Fig 11. Queue A fails-over to Broker 3 without message loss. Queue B fails-over to Broker 3 losing 10 messages.

We could also set ha-promote-on-failure to when-synced. This will prevent a fail-over and wait for Broker 1 to come back online with its data. Once back online, the queue will be available again with the master on Broker 1 with no data loss. Availability is sacrificed for data safety. Except this mode can be dangerous and can even cause total data loss, we'll look at that soon.

Fig 12. Queue B remains unavailable after the loss of Broker 1.

Right now you may be thinking "Why would I ever not use automatic synchronization?". The answer is that synchronization is a blocking operation. The master cannot perform any reads or writes during synchronization!

Let's look at an example. Now we have very large queues. Why might they be so large? There could be multiple reasons:

  • The queues are not being actively consumed

  • They are high velocity queues and consumers are running slow right now

  • They are high velocity queues and an outage occurred and consumers are catching up

Fig 12. Two large queues with different synchronization modes.

Now Broker 3 dies.

Fig 13. Broker 3 dies, leaving a master and one mirror per queue.

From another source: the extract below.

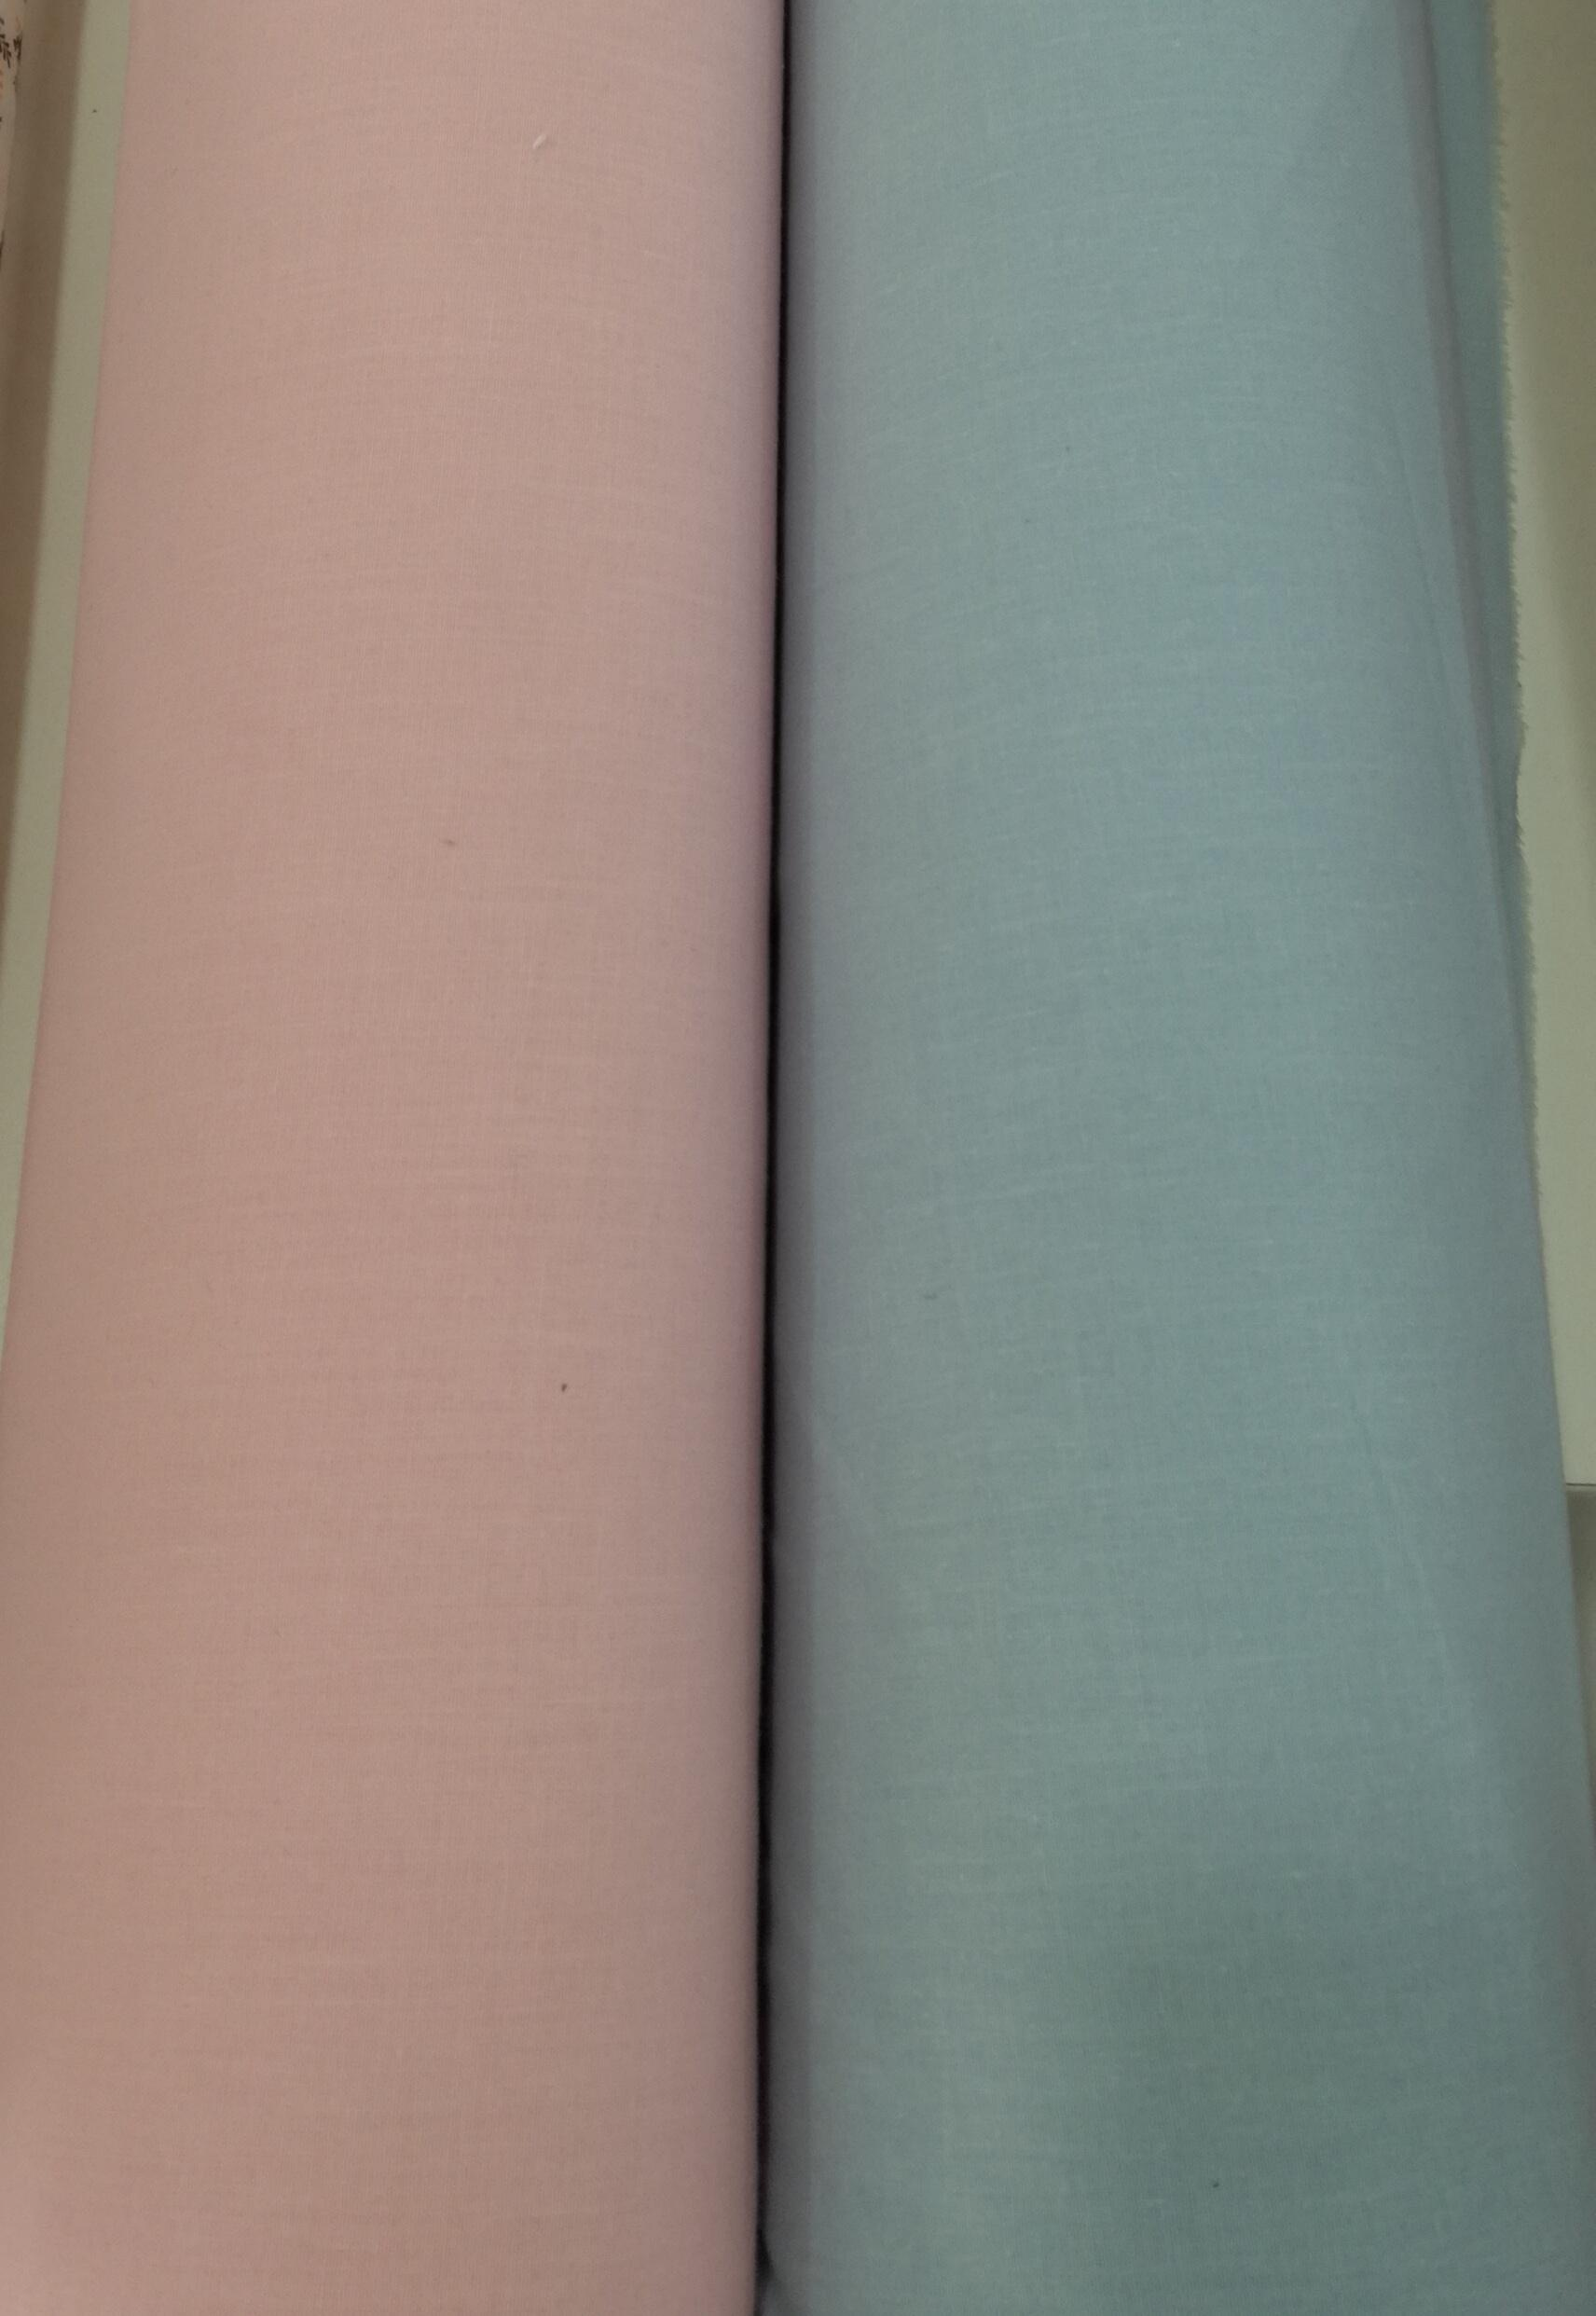 tela lisa algodon 100 color celeste

Broker 3 comes back online and new mirrors are created. The Queue A master starts replicating its existing messages to the new mirror and during this time the queue is unavailable. It takes two hours to replicate the data causing two hours of downtime for that queue!

However Queue B remains available throughout this period. It has sacrificed some redundancy to remain available.

Fig 14. Queue A remains unavailable during synchronization.

Two hours later, Queue A becomes available and can start accepting reads and writes again.

Rolling Upgrades

This blocking behaviour during synchronization makes rolling upgrades of clusters with very large queues problematic. At some point the node hosting the master queue will need to be restarted which means either failing-over to a mirror or making the queue unavailable during the server upgrade period. If we choose a fail-over then we’ll lose messages if the mirrors are not synchronized. The default is not to fail-over to an unsynchronized mirror during the shutdown of a broker. This means that once the broker comes back up we did not lose any messages, the only impact was down-time for the queue. You can control the shutdown behaviour with the ha-promote-on-shutdown policy. You can set it to one of two values:

  • always = fail-over to unsynchronized mirrors enabled

  • when-synced = only fail-over when a synchronized mirror is available, else make the queue unavailable for reads and writes. When the broker comes online again the queue will also come back online

So either way you look at it, with large queues you have choose between data loss and unavailability.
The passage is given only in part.